In January 1930, Rafael was planning a novel taking André-Louis to Venice.  That same month he walked out on his wife and by May he was in Paris.  In November he said he had been reading about the French India Company affair.  In April 1931, the first part of Scaramouche the Kingmaker appeared (as a serial).

What options did French history offer Rafael?  By April 1794 the self-proclaimed Louis XVIII was in Verona, a part of the Venetian Republic.  He remained just over two years, and in May 1796 had to leave.  The final year of the Republic’s life offered scope for a story of adventure – but suitable for André-Louis?  What could he be doing from August 1792 until May 1796?  It is true that the disastrous landing at Quiberon Bay took place in June 1795, but Rafael would have to give it scant attention if he was to take André-Louis zigzagging across Western Europe to both Quiberon and Venice.  Besides, Venice was a byway, whereas Quiberon effectively extinguished realistic hopes of a restoration of absolute monarchy in France.

Rafael, footloose and fancy-free in Paris during the early months of 1930 (and undoubtedly in May) could spend time in the national library or in the bookshops.  The Apologia of François Chabot, the many books by G. Lenotre, were all to hand.  Is that how he found his continuation of André-Louis’ story?  Yet, at the end of this continuation, André had to return to Hamm in search of the Kercadious.  There could be no further involvement in the French Revolution’s course.  However, there remained two tempting episodes to explore: the taking of Venice, and the landing at Quiberon.

In January 1930 it was Venice that Rafael had been looking to.  And after Scaramouche the Kingmaker, in November 1931, Rafael was already telling an interviewer that there would be a third book.  Almost at once, his imagination had turned back to Venice, although in a different period.  Nevertheless, the dreaded secret tribunal had a place in his long story, together with the informers/ spies.
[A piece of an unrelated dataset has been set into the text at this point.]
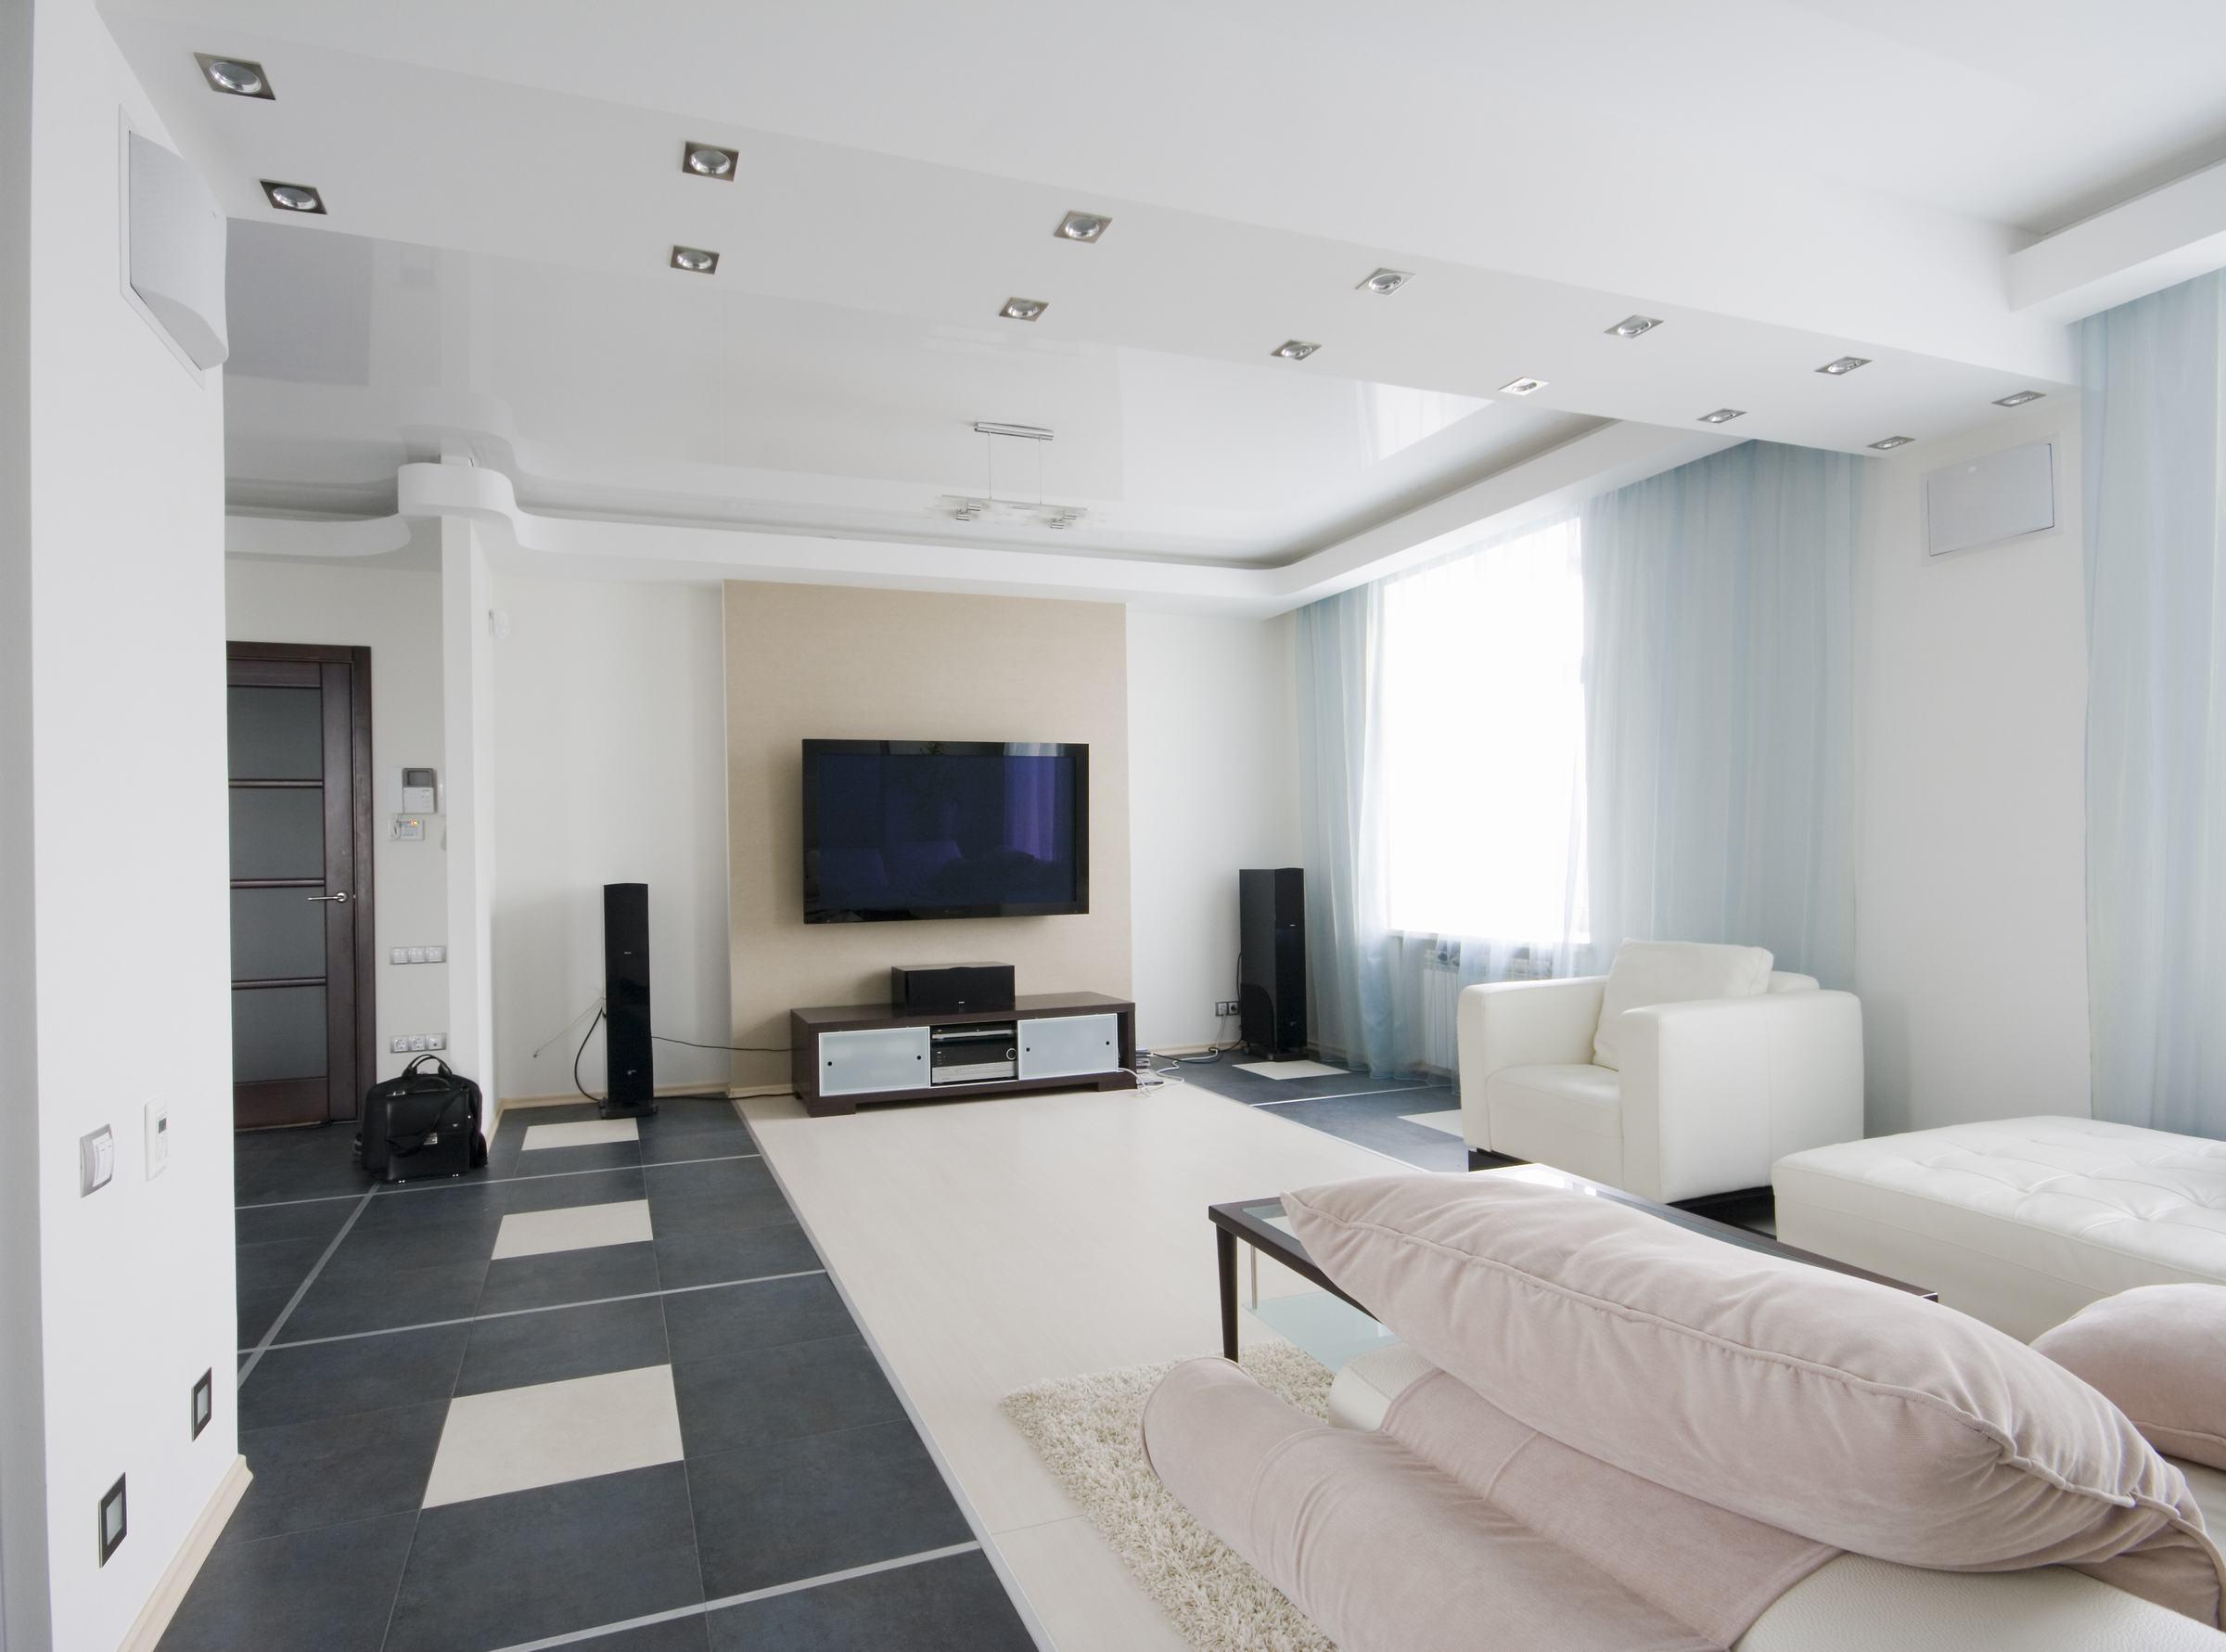 Trần Thạch cao phòng khách giúp không gian nhà bạn trở nên sang trọng và đẳng cấp hơn. Chúng tôi cam kết đem đến cho bạn một sản phẩm chất lượng, đáp ứng mọi yêu cầu về thẩm mỹ và ứng dụng. Hãy để cho không gian sống của bạn trở nên hoàn hảo hơn với trần Thạch cao phòng khách.

The novel about the French Revolution in Venice, so to speak, was ready for serial publication in August 1933.  This is where the correspondence with Houghton Mifflin would be so valuable.  It might tell us when he had first thought of writing about Quiberon.  It seems to me significant that the disaster at Quiberon comes into the beginning of Venetian Masque.  It is almost too much to expect that Rafael wrote about his plans for The Marquis of Carabas.  Yet Ferris Greenslet was a very close friend, and Dale Warren, if not as close, was another friend.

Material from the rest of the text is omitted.